Oczekiwania rynku zdają się nie zakładać rychłych zmian w polityce pieniężnej SNB, czyli chociażby zmiany stawki LIBOR na posiedzeniu w połowie września. W ostatnich dniach frank powiela globalne nastroje. Poniższy wykres przebiegu stóp zwrotu par z frankiem za ostatnie 5 dni dobrze to pokazuje – CHF zyskiwał jak było nerwowo na rynkach akcji i odwrotnie. Niemniej we wtorek pojawiły się głosy o większej aktywności SNB na rynku. Dzisiaj argumentem do zwyżki CHF są wspomniane dane nt. PKB.
Wykres przebiegu stóp zwrotu par z CHF za ostatnie 5 dni
Umocnienie się franka jest jednak mało widoczne na EUR/CHF. To wynik ogólnie mocniejszej pozycji euro, które dzisiaj odbija po przecenie z ostatnich dni.

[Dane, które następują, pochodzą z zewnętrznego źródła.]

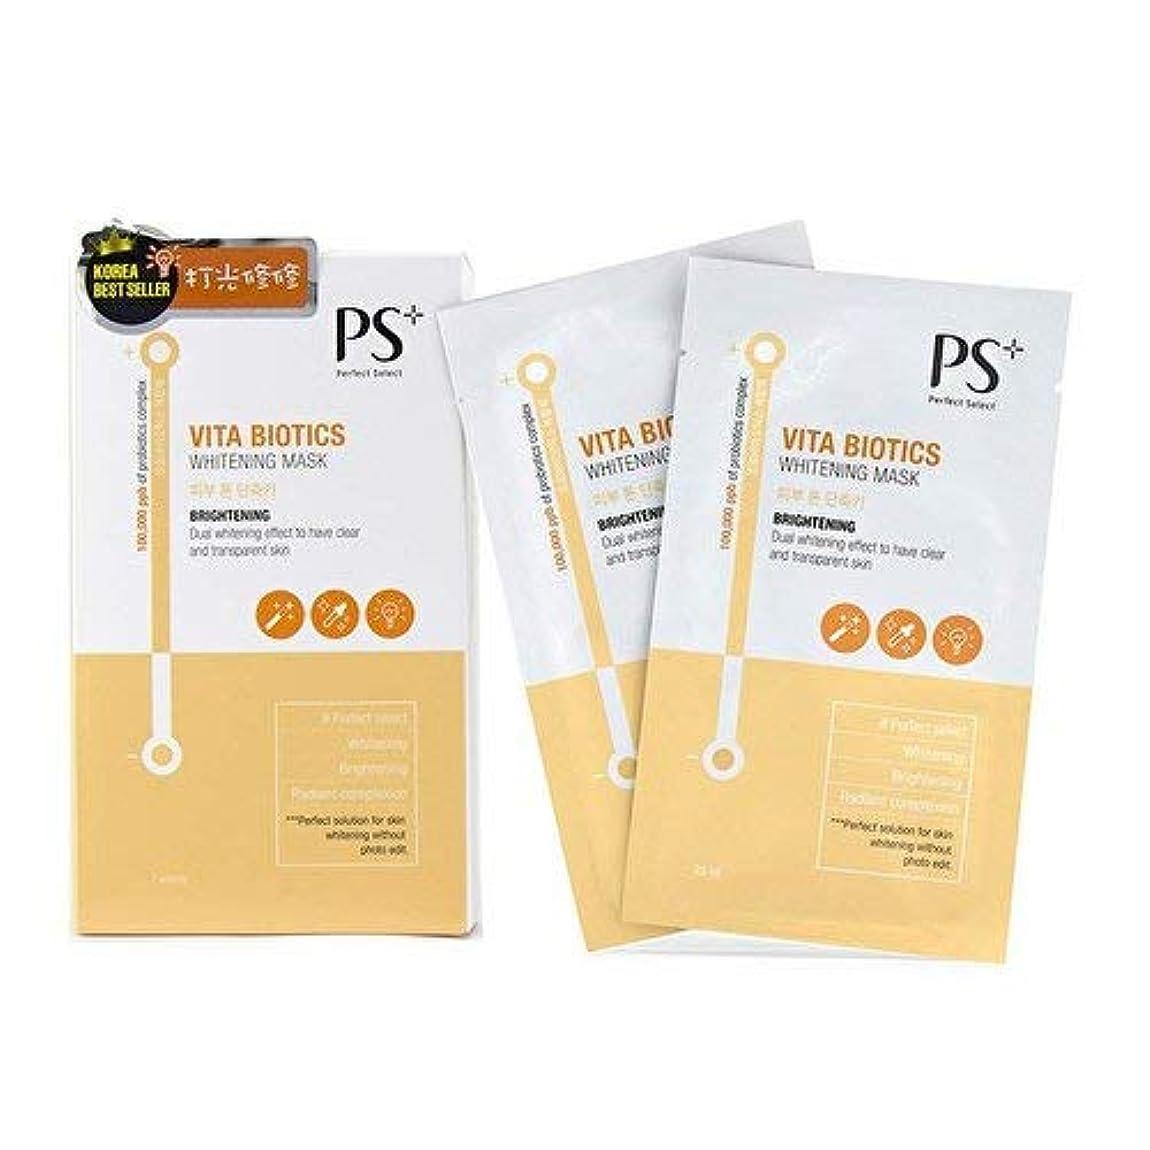 分布粘り強い線形PS Perfect Select Vita Biotics Whitening Mask - Brightening 7pcs並行輸入品

Wsparciem stały się dobre dane z Hiszpanii. Sprzedaż detaliczna wzrosła w lipcu o 4,1 proc. r/r (najlepiej od 7 miesięcy), wobec oczekiwanych 0,9 proc. r/r. Niemniej inflacja spadła o 0,5 proc. r/r w sierpniu wobec szacowanych -0,1 proc. r/r. Dzisiaj o godz. 14:00 poznamy szacunkowe dane nt. inflacji CPI z Niemiec. Na razie wstępne odczyty z części landów zdają się wskazywać na dalsze wyhamowanie dynamiki cen.

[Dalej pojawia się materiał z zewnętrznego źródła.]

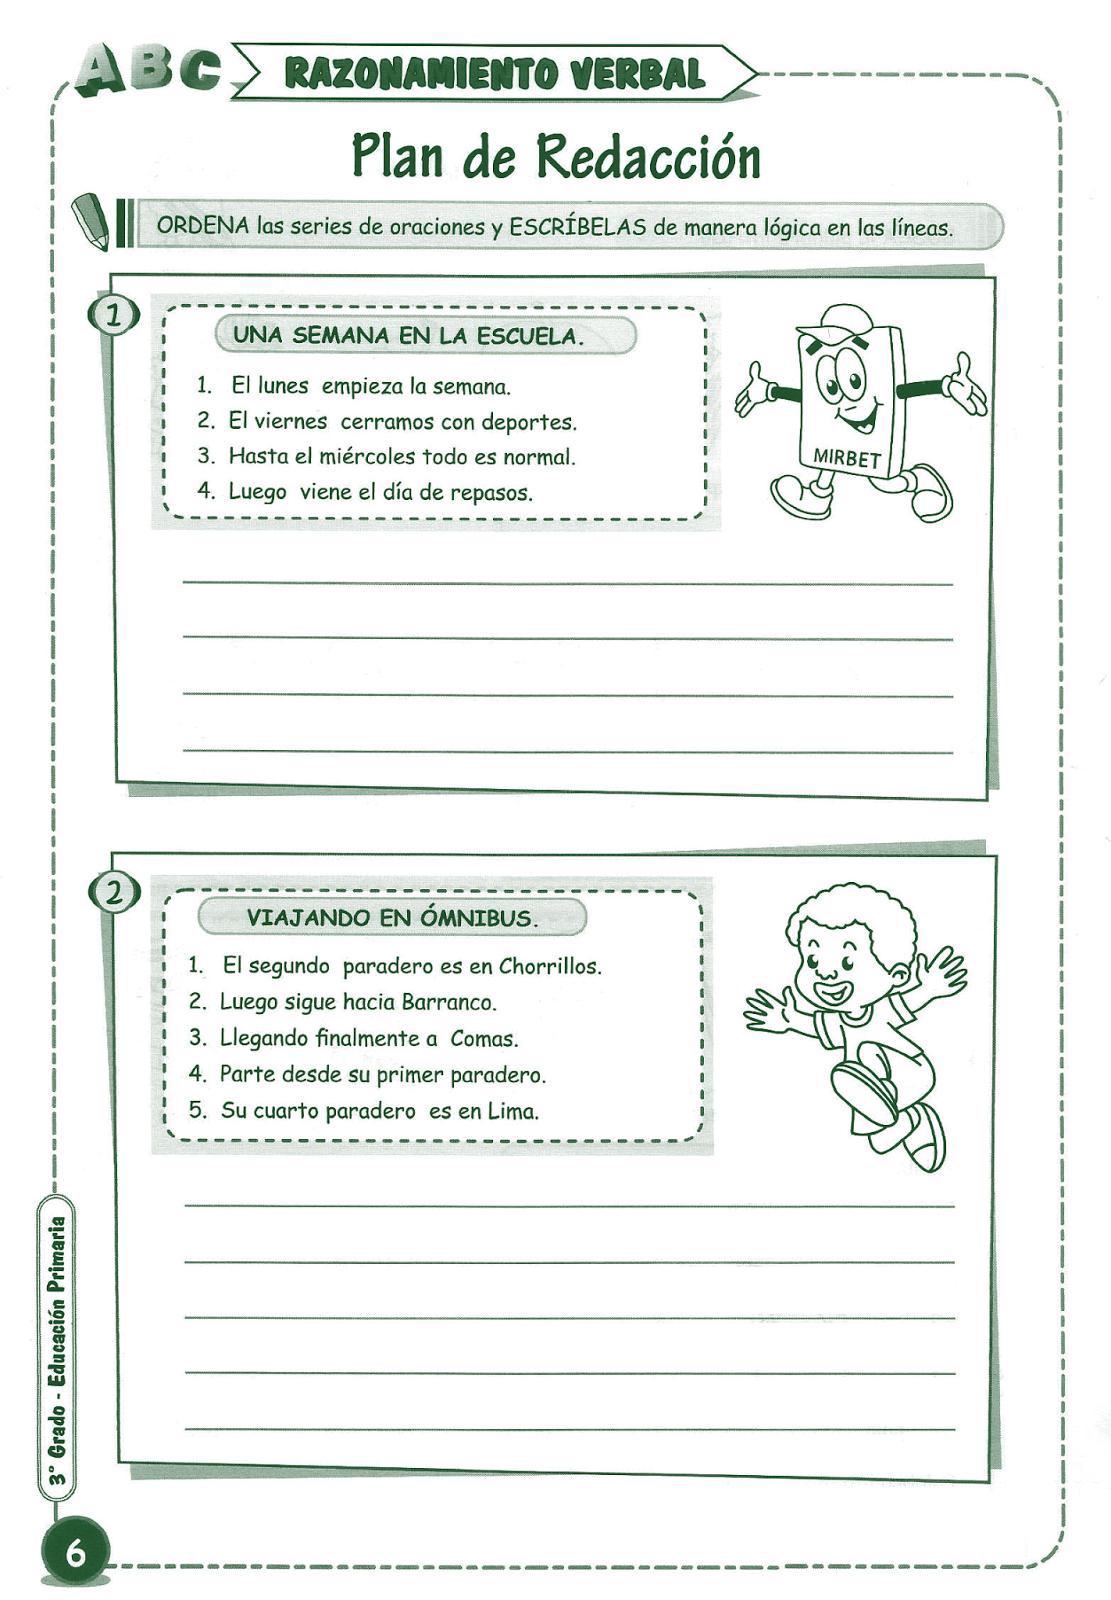 Plan de Redacción para niños 3° Grado Primaria | Razonamiento Verbal

Analiza techniczna EUR/CHF pokazuje, że dopiero spadek poniżej 1,0815 może dać negatywny sygnał do spadków. Analogicznie mocny opór to 1,0860-80. Konsolidacja jest wąska, stąd też potencjalne wybicie dość realne na dniach. Przy czym większe ryzyko tkwi w wyjściu dołem.
DOLAR AMERYKAŃSKI (USD)
Rynek otrzymał wczoraj bardzo dobre dane nt. PKB, który w drugim kwartale wzrósł o 3,7 proc. w ujęciu zanualizowanym (spodziewano się w drugiej rewizji odczytu 3,2 proc. wobec 2,3 proc. opublikowanych w pierwszych szacunkach). Niemniej inflacyjny PCE Core pozostał przy 1,8 proc., a członek FED uważana za „jastrzębia” Ester George w wywiadzie dla CNBC stonowała oczekiwania związane z ewentualną, wrześniową podwyżką stóp
Dzisiaj po południu (godz. 14:30) poznamy dane nt. dochodów i wydatków Amerykanów, oraz miesięczny odczyt wskaźnika cenowego PCE Core. Oczekuje się odpowiednio 0,4 proc. m/m w obu przypadkach, oraz 0,1 proc. m/m dla PCE Core. Z kolei o godz. 16:00 poznamy odczyty indeksu Uniw. Michigan dot. wskaźnika nastrojów konsumenckich
Jutro, tj. w sobotę po południu (godz. 18:25) na sympozjum w Jackson Hole z wykładem nt. perspektyw inflacji wystąpi wiceprezes FED, Stanley Fischer
Naszym zdaniem: Wydaje się, że rynek byłby zdziwiony, gdyby FED wstrzymał się w tym roku z podwyżką stóp procentowych. Prawdopodobieństwo takiego ruchu we wrześniu oscyluje wokół 25 proc., a w grudniu przekracza 60 proc. Dlatego też brak podwyżki za 3 tygodnie nie zaszkodzi zbytnio dolarowi, o ile w komunikacie FED znajdzie się mocny przekaz sugerujący taki ruch w końcu roku. Razem z nim poznamy też nowe projekcje makro. To wszystko pokaże na ile Rezerwa Federalna obawia się wpływu ostatniego zamieszania na rynkach finansowych, zwłaszcza kontekstu Chin.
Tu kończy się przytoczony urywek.